The results of three experiments are shown in Table 1-3.
In Experiment 1, the results of 2×2 repeated measures analysis of variance for accuracy were as follows: (1) The main effect of judging perspective was not significant, F(1, 31) = 0.01, p = 0.93. (2) The main effect of self-avatar dot-number consistency was significant, F(1, 31) = 32.31, p < 0.001, η2 p = 0.51, 95% CI = [0.03, 0.07], the accuracy under consistent condition (M = 0.97, SE = 0.01) was higher than that under inconsistent condition (M = 0.92, SE = 0.01). (3) The interaction effect of judging perspective and self-avatar dot-number consistency was not significant, F(1, 31) = 0.12, p = 0.93.
The results for response time of correct responses were as follows: (1) The main effect of judging perspective was significant, F(1, 31) = 53.83, p < 0.001, η2 p = 0.64, 95% CI = [−91.45, −51.66], the response time was shorter when judged from the self’s perspective (M = 732.72 ms, SE = 29.01 ms) than from the avatar’s perspective (M = 804.27 ms, SE = 29.24 ms). (2) The main effect of self-avatar dot-number consistency was significant, F(1, 31) = 96.09, p < 0.001, η2 p = 0.76, 95% CI = [−80.78, −52.96], the response time was shorter under consistent condition (M = 735.06 ms, SE = 27.38 ms) than that under inconsistent condition (M = 801.93 ms, SE = 30.38 ms). (3) The interaction effect of judging perspective and self-avatar dot-number consistency was significant, F(1, 31) = 42.86, p < 0.001, η2 p = 0.58. Simple effects analysis showed that under the self’s perspective, the response time was significantly shorter when self-avatar dot-number was consistent (M = 715.49 ms, SE = 27.87 ms) than when inconsistency was present (M = 749.94 ms, SE = 30.72 ms), F(1, 31) = 16.12, p < 0.001; under the avatar’s perspective, the response time was also significantly shorter when self-avatar dot-number was consistent (M = 754.62 ms, SE = 27.72 ms) than when inconsistency was present (M = 853.92 ms, SE = 31.24 ms), F(1, 31) = 143.93, p < 0.001; however, under the avatar’s perspective, the regression line for the response time affected by self-avatar dot-number consistency was steeper (see Figure 4).
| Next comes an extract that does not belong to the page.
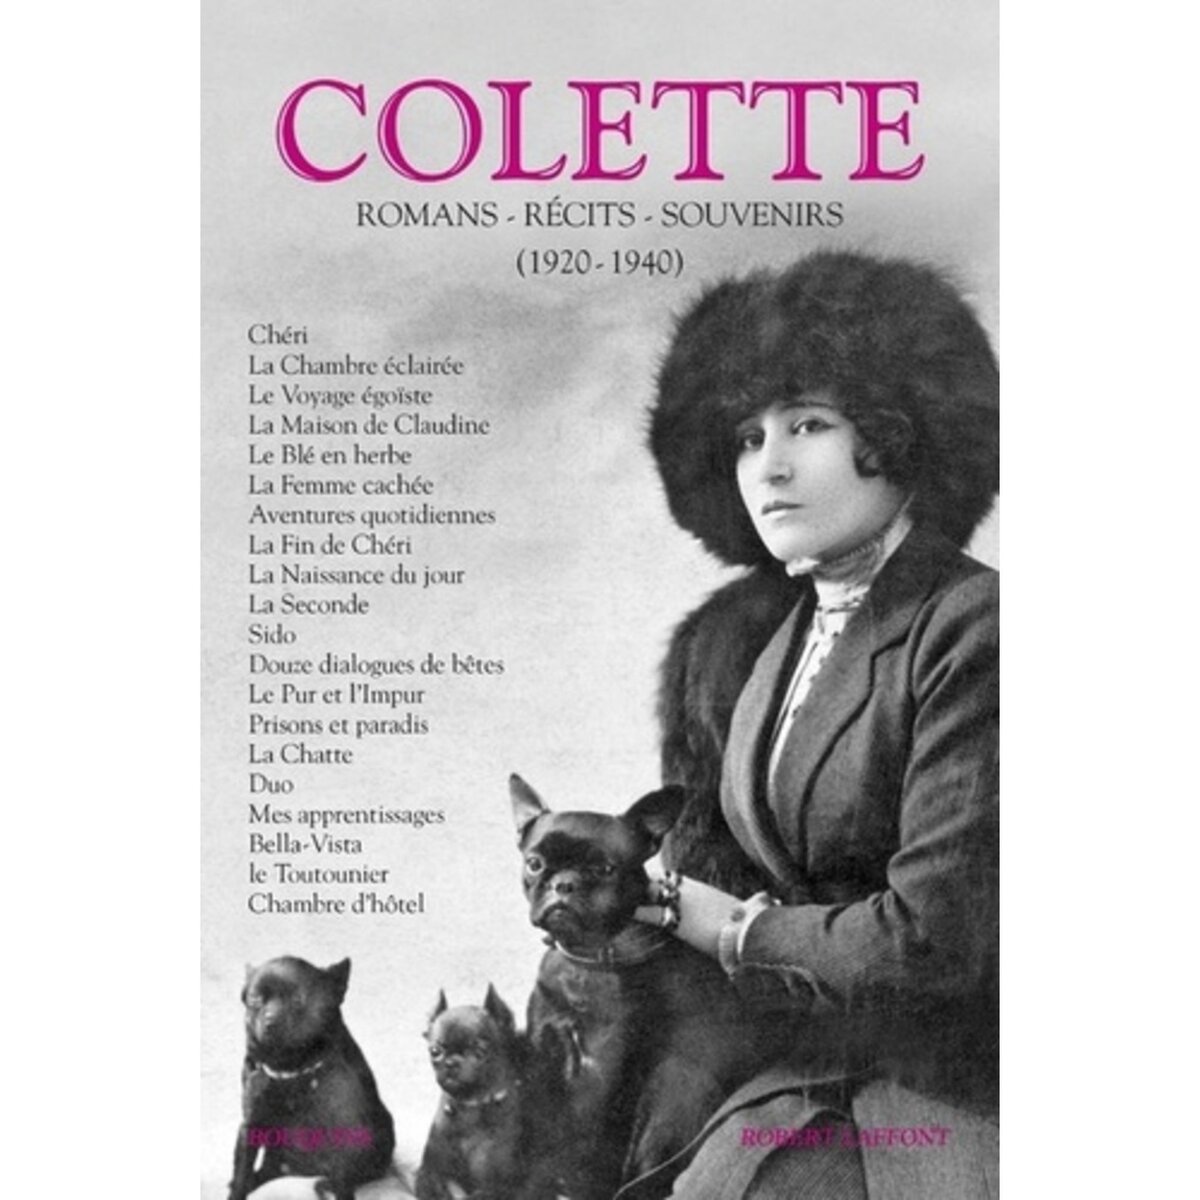  COLETTE. VOLUME 2, ROMANS, RECITS, SOUVENIRS (1920-1940), Colette

In Experiment 2, the repeated measures ANOVA with 2×2×2 design was conducted. The results of accuracy rate are as follows: (1) The main effect of judging perspective was significant, F(1, 33) = 13.18, p < 0.01, η2 p = 0.29, 95% CI = [0.02, 0.06]. When judged from self’s perspective (M = 0.95, SE = 0.01), the accuracy rate was higher than that from avatar A’s perspective (M = 0.91, SE = 0.01). (2) The main effect of self-avatar A dot-number consistency was significant, F(1, 33) = 25.10, p < 0.001, η2 p = 0.43, 95% CI = [0.03, 0.07]. When self’s and avatar A’s dot number was consistent (M = 0.96, SE < 0.01), the accuracy rate is higher than that when inconsistent (M = 0.91, SE = 0.01). (3) The main effect of avatar A-B dot-number consistency was not significant, F(1, 33) = 0.53, p = 0.47. (4) The interaction effect of judging perspective and self-avatar A dot-number consistency was significant, F(1, 33) = 10.80, p < 0.01, η2 p = 0.25. When judged from avatar A’s perspective, the accuracy rate is significantly higher when self’s and avatar A’s dot number was consistent (M = 0.96, SE = 0.01) than when inconsistent (M = 0.87, SE = 0.02), F(1, 33) = 21.34, p < 0.001; while judged from self’s perspective, there was no significant difference in accuracy rate between the two conditions, F(1, 33) = 2.60, p = 0.12. (5) The interaction effect of judging perspective and self-avatar A dot-number consistency was not significant, F(1, 33) = 3.24, p = 0.08. (6) The interaction effect of self-avatar A dot-number consistency and avatar A-B dot-number consistency was not significant, F(1, 33) = 0.77, p = 0.39. (7) The three-way interaction effect of three variables was significant, F(1, 33) = 6.90, p < 0.05, η2 p = 0.17. Only when judged from self’s perspective and self’s and avatar A’s dot number was inconsistent, the accuracy rate of avatar A-B dot-number consistency (M = 0.96, SE = 0.01) was significantly higher than that of inconsistency (M = 0.93, SE = 0.01), F(1, 33) = 5.41, p = 0.03. No significant effect was found in other directions, Fs < 2.45, ps > 0.13. See Figure 5 for details.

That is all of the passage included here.